I’m building a model where posterior is a beta distribution.

To simplify the modeling, I hardcoded the parameters of the beta distribution based on what I saw from actual data. I had initially tried specifying the raw data in the observed,but saw in this post that in lieu of specifying the loc and scale parameters of beta, it’s correct to scale the data to [0,1]. However, this does not seem to be making a difference.

I also actually have specifications for the alpha and beta priors based on a Laplace distribution, but it appears that I need to address this issue first before specifying the priors.

data = np.array([1.726567e+06, 1.589836e+06, 1.643981e+06, 1.584314e+06])

data_norm = (data - min(data)) / (max(data) - min(data))

with pm.Model() as model:
    pred = pm.Beta("Response", alpha = 1.05, beta = 0.83, observed = data_norm)
    trace = pm.sample(1000, tune=800)

I get the following error:

SamplingError: Initial evaluation of model at starting point failed!
Starting values:
{}

Initial evaluation results:
Input_var NaN

From what I know, the Beta distribution models numbers in the interval (0, 1). Your array, data, contains data points in the millions scale, not in the (0, 1) range.

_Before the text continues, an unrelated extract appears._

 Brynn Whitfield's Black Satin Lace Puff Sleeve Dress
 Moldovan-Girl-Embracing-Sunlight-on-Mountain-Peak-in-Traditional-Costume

That’s my first guess as to why you are getting NaN values as part of the error - the log likelihood of 1.72e6, under a Beta distribution, is undefined.

I normalized the data to the [0,1] range and am using that vector to specify the posterior.

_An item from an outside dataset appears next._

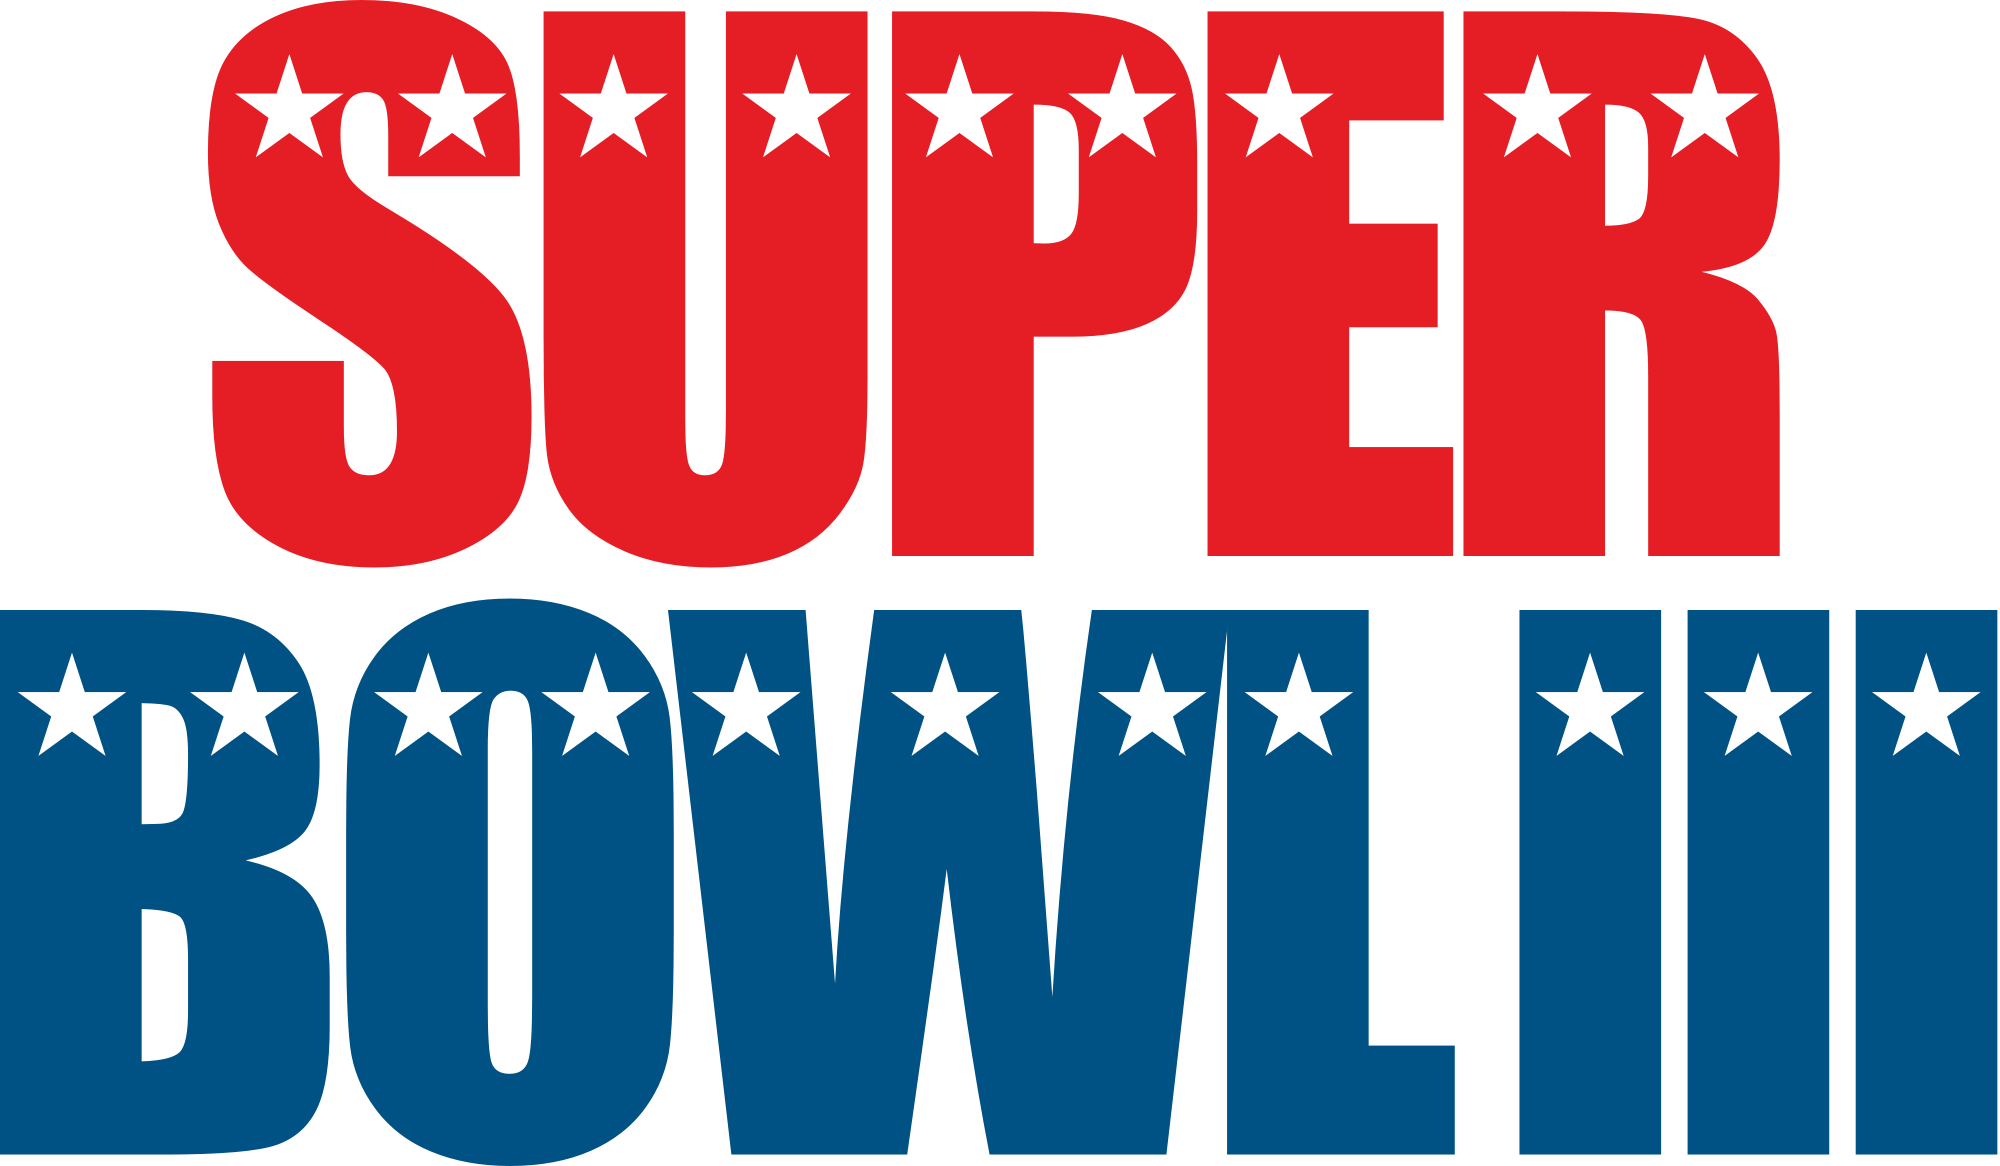 III Logo - File:Super Bowl III logo.svg - Wikimedia Commons

Ahhh, you’re right! I’m sorry, I wasn’t reading carefully when I responded.

I think the PyMC implementation of the Beta distribution is undefined at 0 and 1. If you apply a clip transform:

data_norm = np.clip(data_norm, 0.01, 0.99)

then sampling might work without issues.

Ok, that seems to have done the trick partly, thank you. I now get a

ValueError: The model does not contain any free variables.

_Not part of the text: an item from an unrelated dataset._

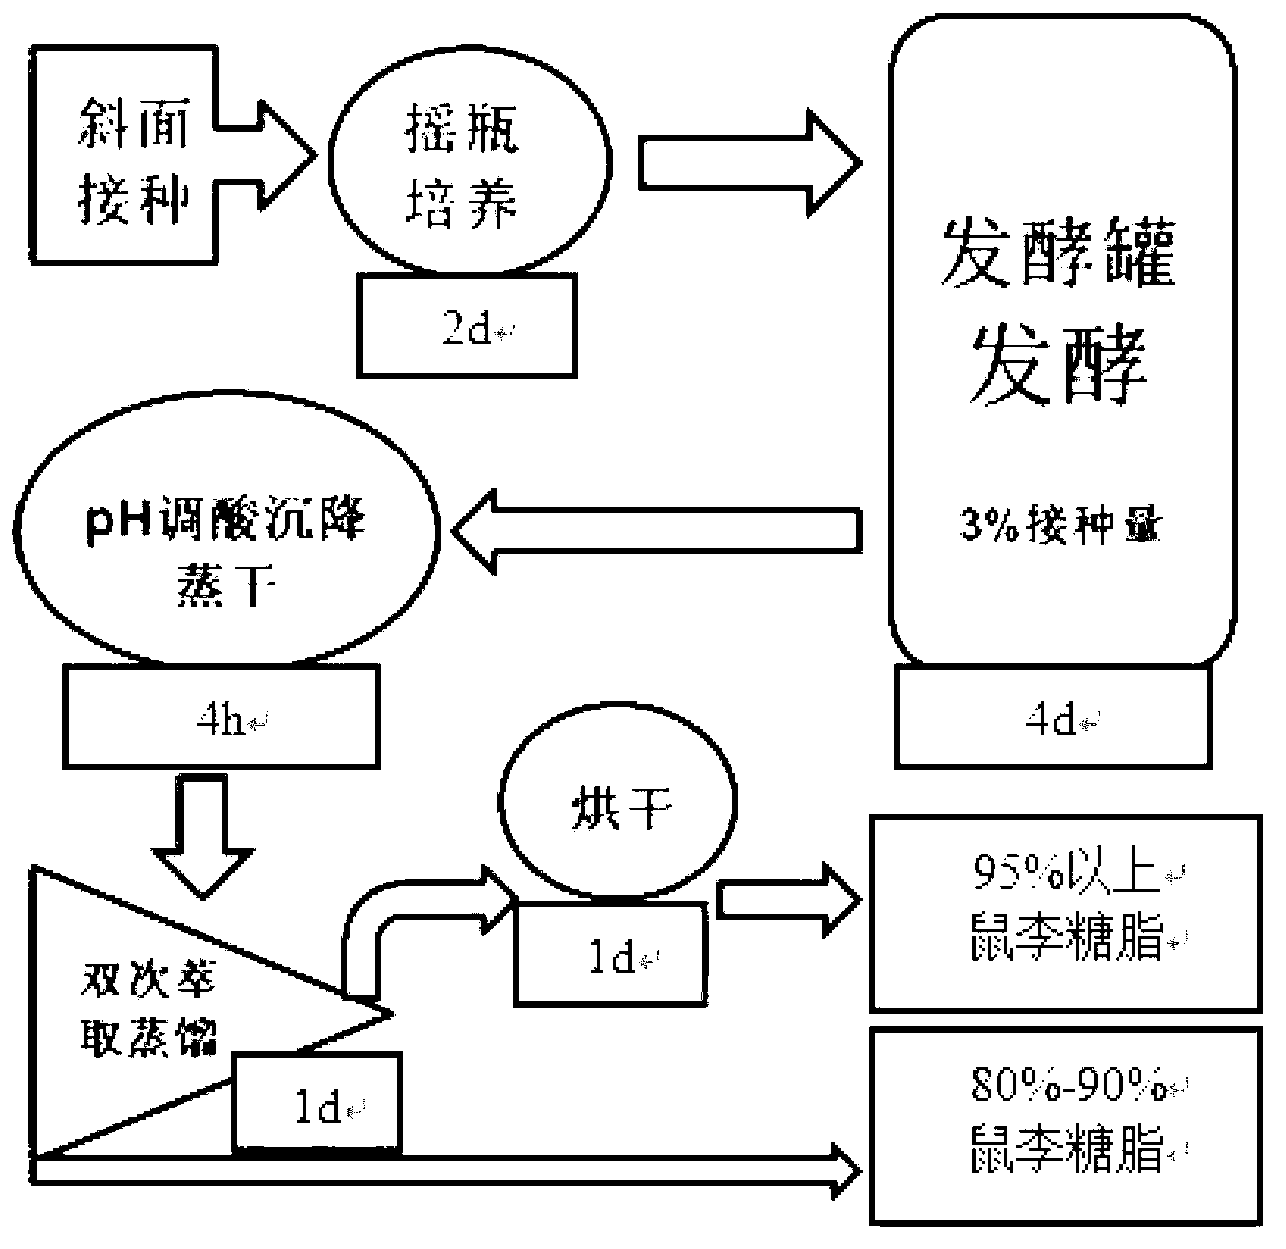 Method for producing rhamnolipid by virtue of fermentation and separation of pseudomonas aeruginosa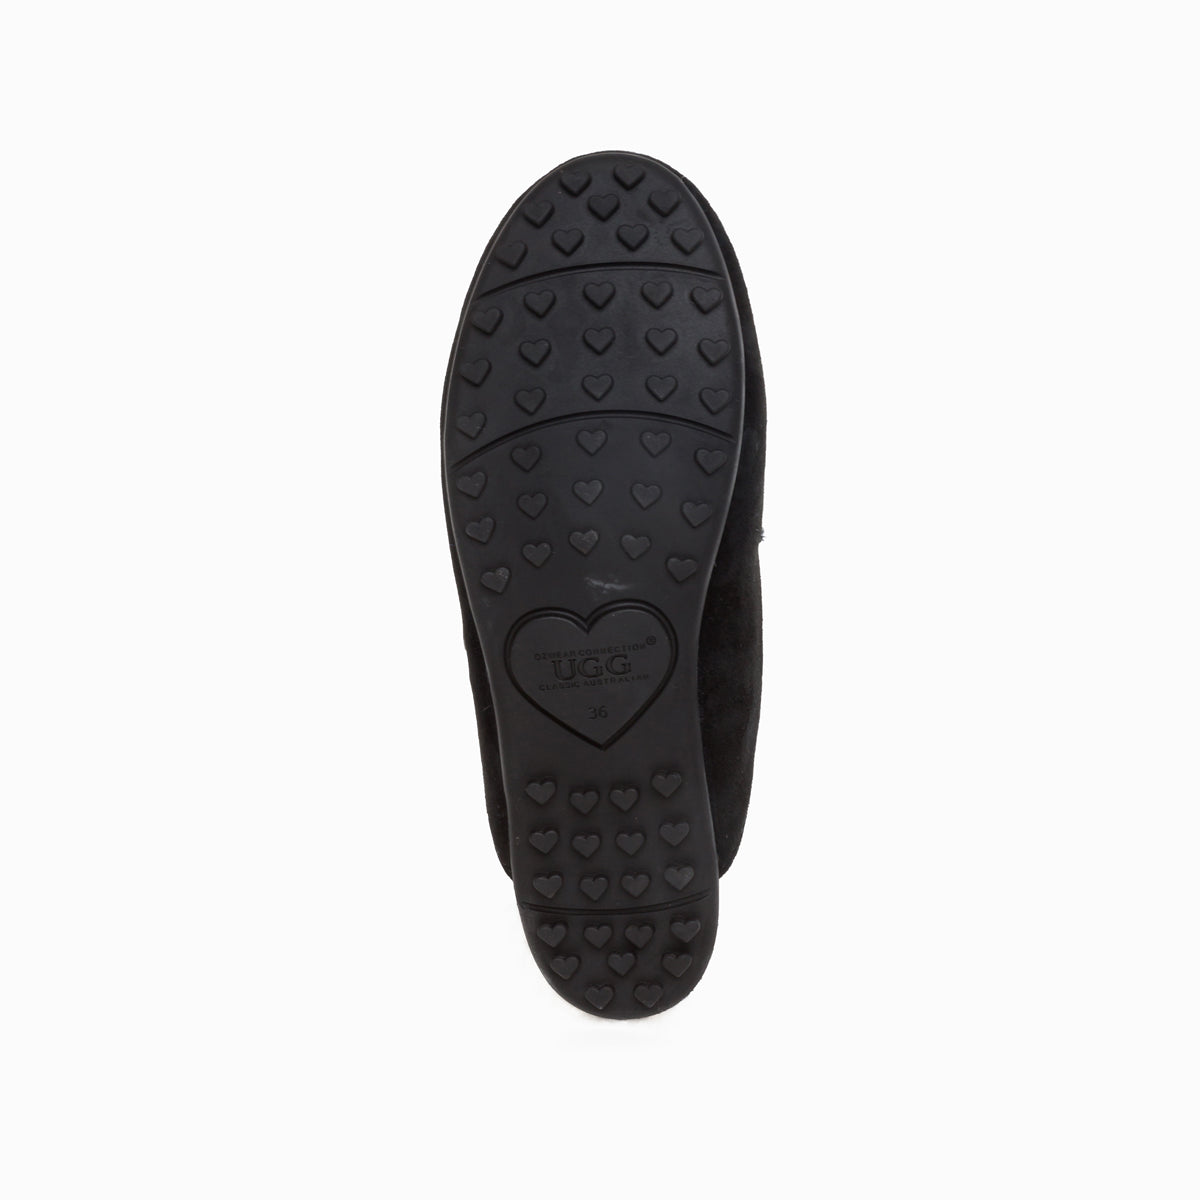 Ugg Eva Love Heart Slipper-Slippers-PEROZ Accessories

which kind of makes sense given that pymc3 has nothing to sample. Interestingly, I uncommented my priors (but still leave the alpha and beta parameters hardcoded), and then it ran.

I think I will update the question entirely to address the next error I get, which occurs when I actually specify my priors.

Please don’t, one of the goals of discourse is to store the conversations. If the question you asked in the first post has been solved, you should mark it as solved and open a new topic with a new question. If the question is still not solved and needs further back and forth, it should happen in comments so the conversation is stored. This will allow people having the same question im the future to read the thread and follow it, hopefully finding the answer to their question too.

4 Likes

Follow-up question is that is related to the answer: once I’ve sampled from the posterior predictive, how do I transform back to the values in the original form? The problem is that I scaled based on only 4 values, which constrains the distribution of all my posteriors within the minimum and maximum of those values. It’s not really plausible to have values only within this range, so I may need to use another strategy aside from scaling to the [0,1] range.